Keywords: Fasciola gigantica, life history, biological characteristic, Digenea, Fasciolidae
INTRODUCTION
The giant liver fluke, Fasciola gigantica (Digenea: Fasciolidae), is important as a plant-borne trematode together with the sheep liver fluke, Fasciola hepatica. These parasites are the main cause of fascioliasis in ruminants and humans. They live in the liver of cattle, buffaloes, sheep, goats, and swines, which have a significant impact on growth rate, development, and productivity of ruminants, and therefore, are considered economically significant [1]. In some occasions, these flukes can be infected in humans, and it has been rarely reported that adult flukes have been recovered from the bile duct of people in Japan, northern Iran, and Thailand [2-4]. Most of the previous reports have focused on F. hepatica, whereas fewer studies have been conducted on F. gigantica. F. hepatica is widely distributed in temperate zones, whereas F. gigantica is typically found in tropical zones around the world [5,6].
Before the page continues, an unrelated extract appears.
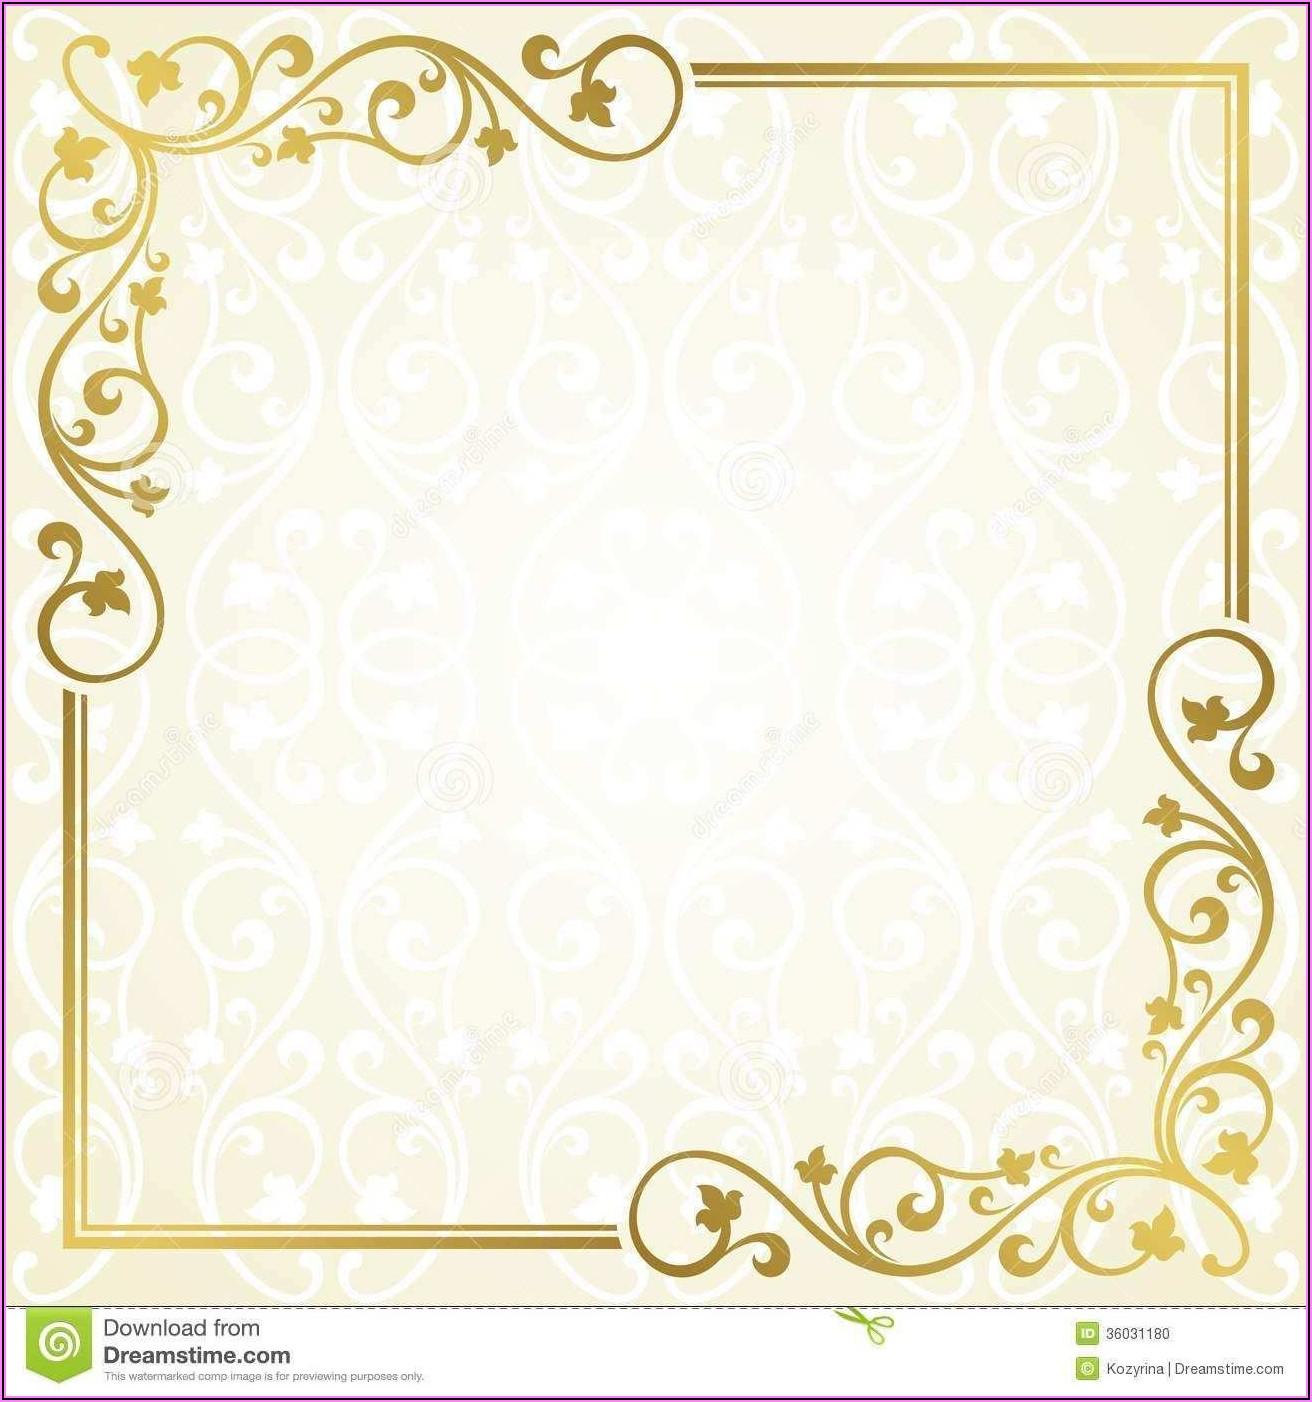 Invitation Card Blank Design Template

The general life cycle of fasciolids is described in the following passage. Adults expel eggs and these are evacuated in the feces of the definitive host, usually cows or buffaloes. Miracidia are hatched from the eggs in water, and they penetrate into several lymnaeid snails (intermediate hosts), such as Lymnaea viridis, L. columella, L. cousin, L. ollula, L. natalensis, and L. auricularia rubiginosa [7-11], and then develop into the sporocysts, rediae, and cercariae. Cercariae separate from the snails and are encysted to become metacercariae on vegetation (infective stage). The metacercariae can then be found on vegetation, such as the rice plant, stubble, Japanese parsley, and water lilies [8,12]. These plants are important sources of fodder for definitive hosts. The life cycle completes itself when the definitive hosts eat vegetation containing the metacercariae.
Although studies on the life history of F. gigantica have been sometimes reported in several countries, those studies did not cover all life cycle stages. Dreyfuss and Rondeland [13] compared the productivity of infected F. gigantica and F. hepatica in Lymnaea tomentosa and found that the number of rediae of F. gigantica were substantially greater than that of F. hepatica. The patent period and the number of cercariae of both fasciolids were closely correlated with particular Lymnaea truncatula population and trematode species [14]. Moreover, Yadav and Gupta [15] reported that after infection of 2 rabbits with 50 F. gigantica metacercariae derived from L. truncatula, both rabbits died at days 83 and 87 post-infection (PI), and 8 and 10 immature adults were recovered from the liver, respectively. This aspect has not been studied in Thailand, and most reports were focused on the epidemiology and molecular detection of F. gigantica.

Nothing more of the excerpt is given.